▶ [EXERCISE]: The reply should consist solely of the lines from the one with "Kesha GAG ORDER TEE" through the final line of the listing, copied exactly, with no pictures.

─── SUPPLIED MATERIAL

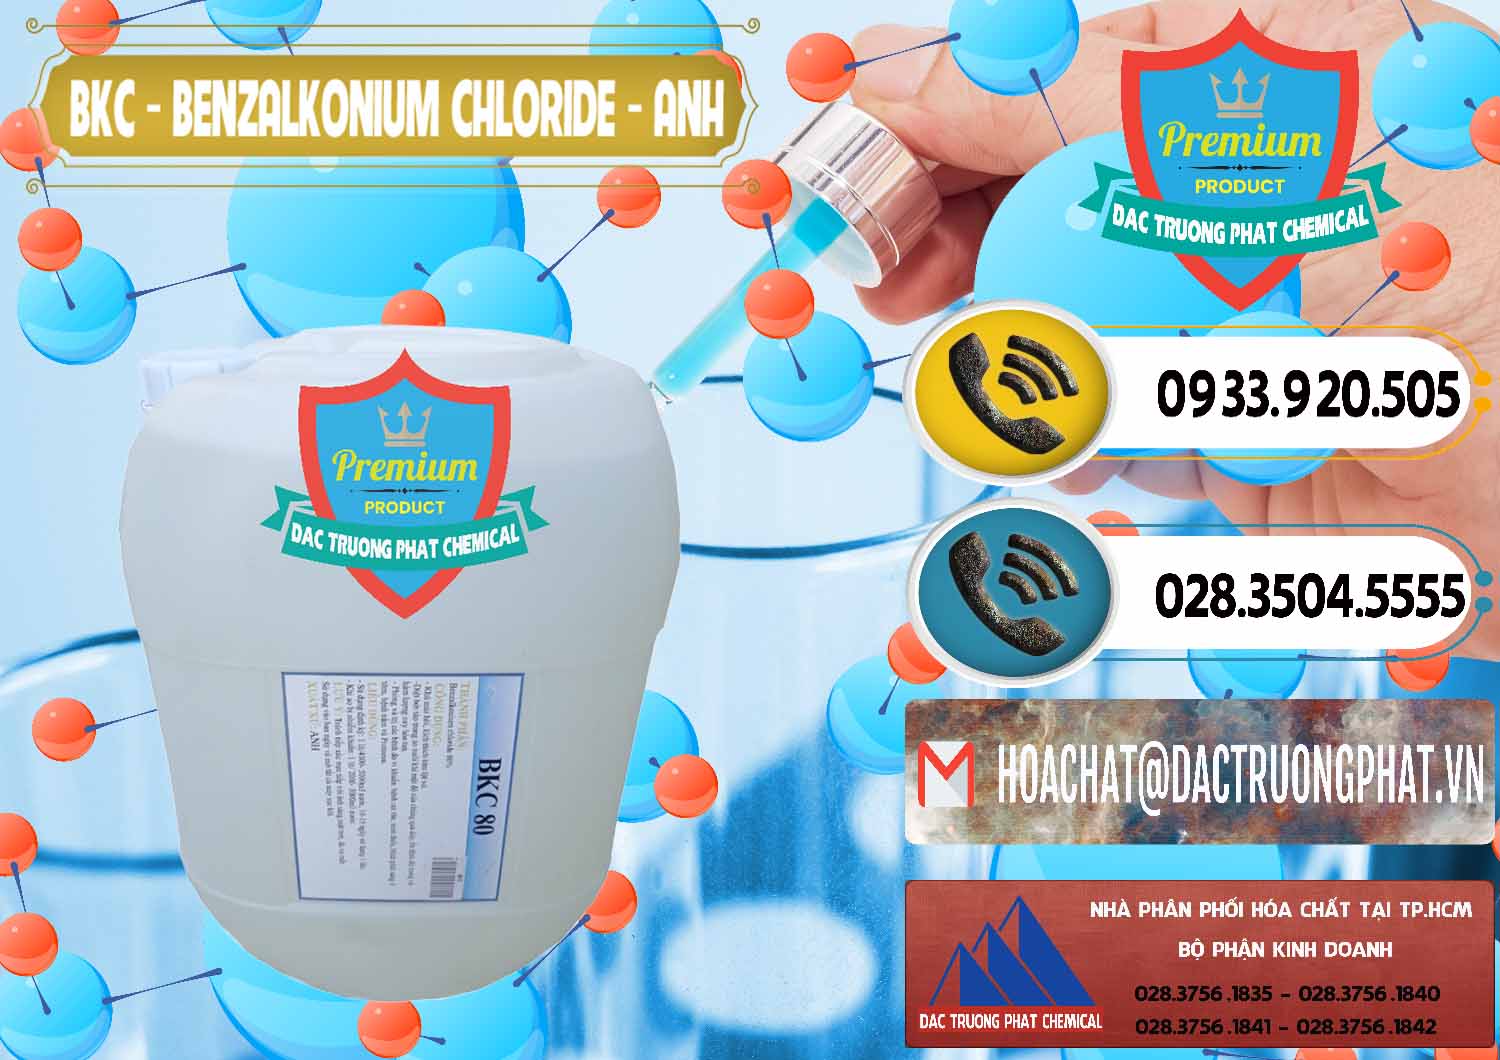 Cty cung cấp & bán BKC - Benzalkonium Chloride Anh Quốc Uk Kingdoms - 0415 - Phân phối ( cung ứng ) hóa chất tại TP.HCM - hoachatdetnhuom.vn
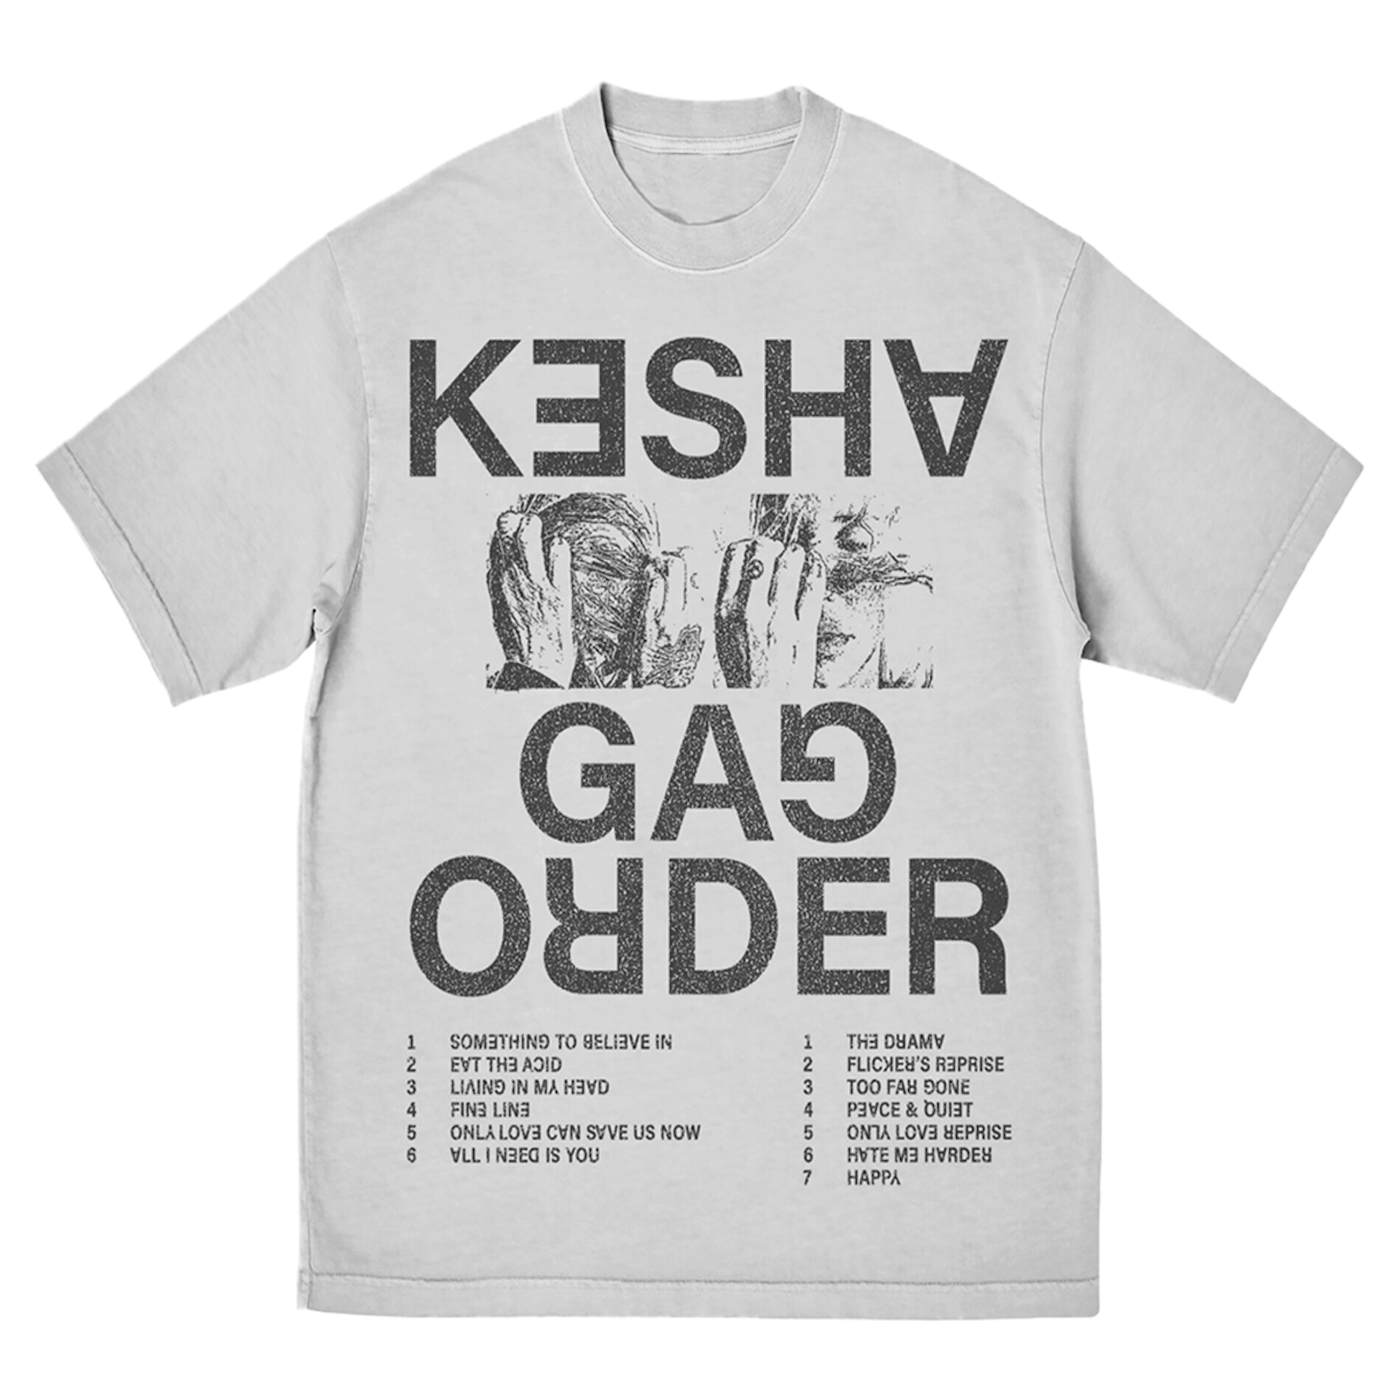 Kesha GAG ORDER TEE
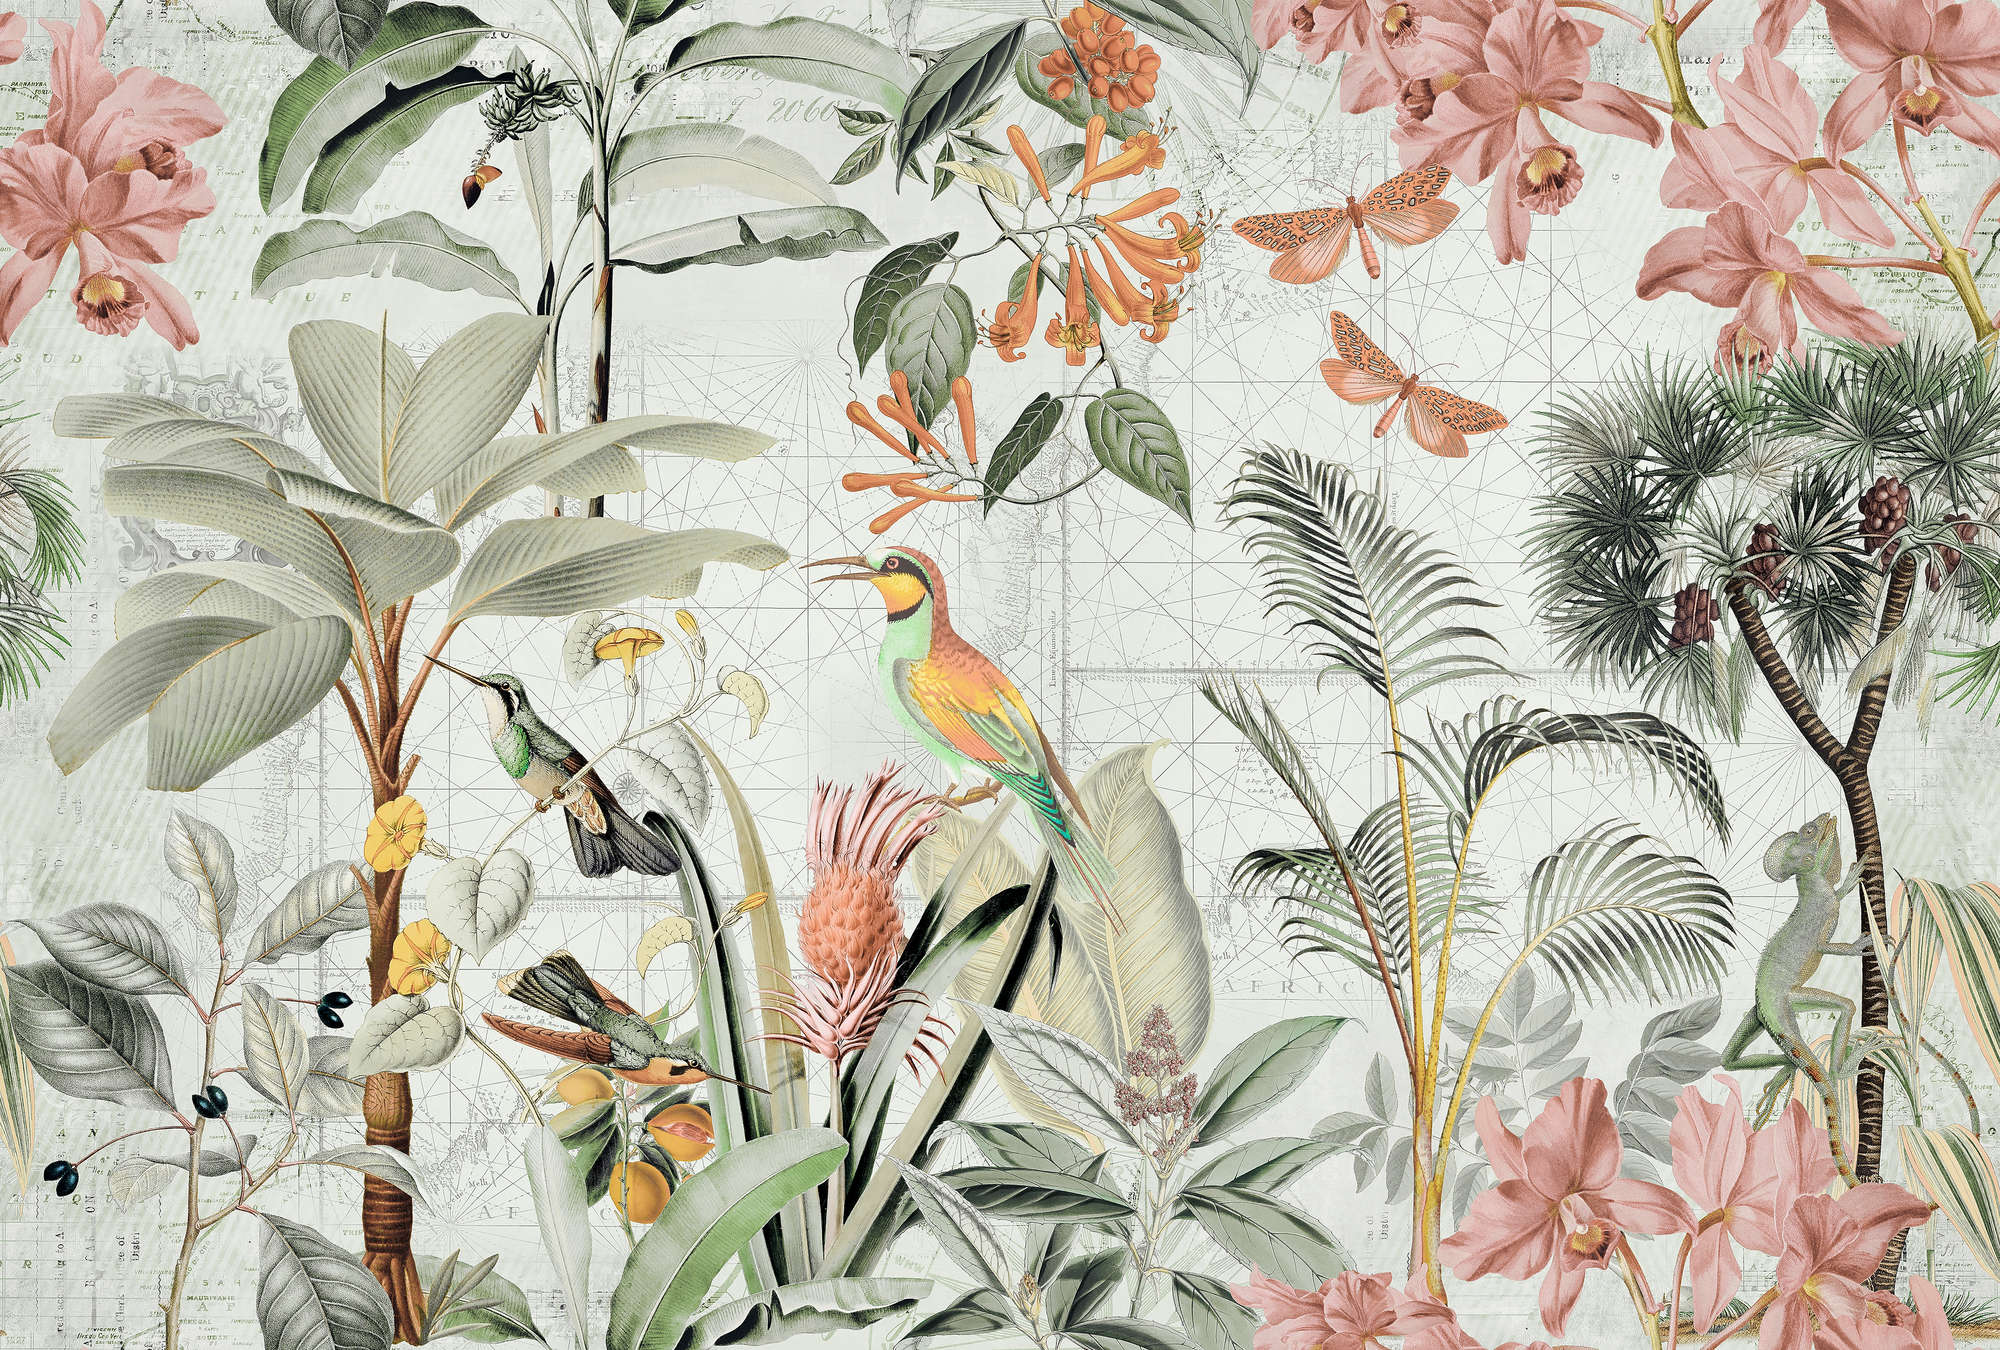             Fototapete Dschungel Collage mit Tropen Blumen & Vögeln

──────

▶ [RESULT FOR THIS EXERCISE]:
 Kesha GAG ORDER TEE
             Fototapete Dschungel Collage mit Tropen Blumen & Vögeln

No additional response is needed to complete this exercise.